REQUIRED WORK:
The answer is the full listing restated exactly, without any pictures.

DATA SEGMENT:

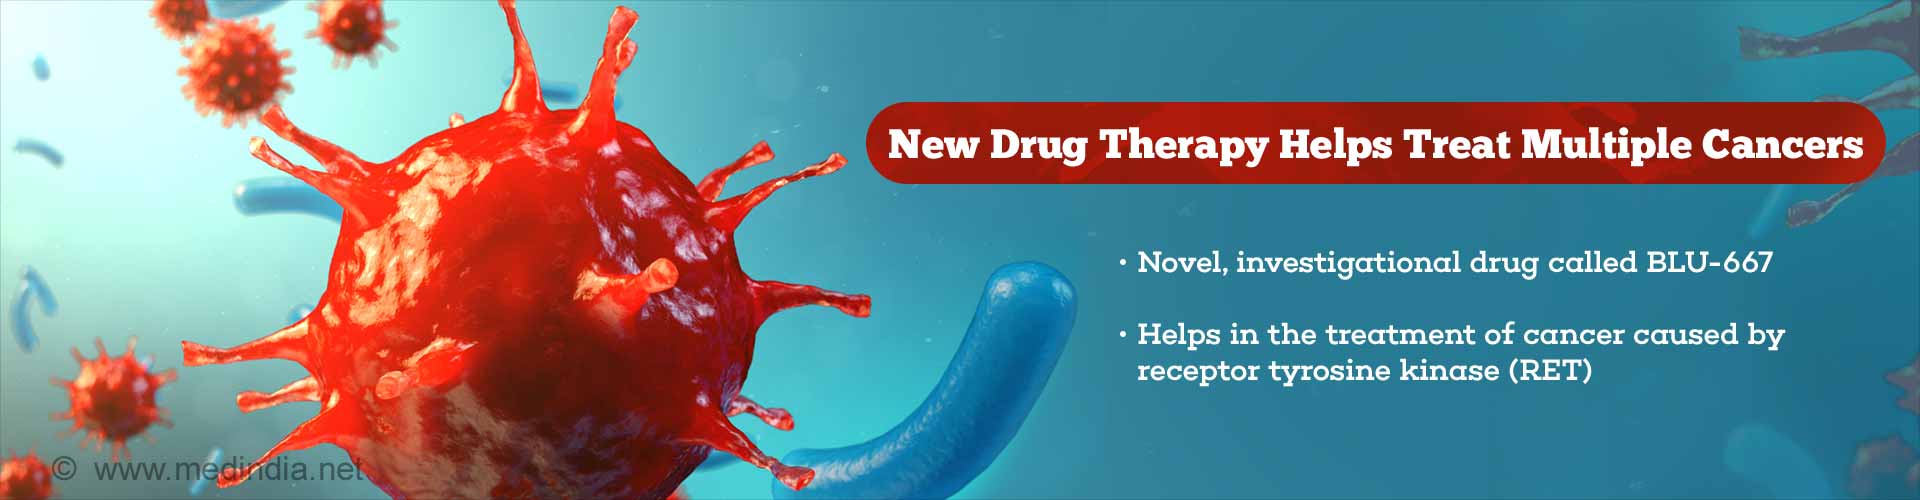 new drug therapy helps treat multiple cancers
- novel, investigational drug called BLU-667
- healps in treatment of cancer caused by receptor tyrosine kinase (RET)

EXERCISE ANSWER:
 new drug therapy helps treat multiple cancers
- novel, investigational drug called BLU-667
- healps in treatment of cancer caused by receptor tyrosine kinase (RET)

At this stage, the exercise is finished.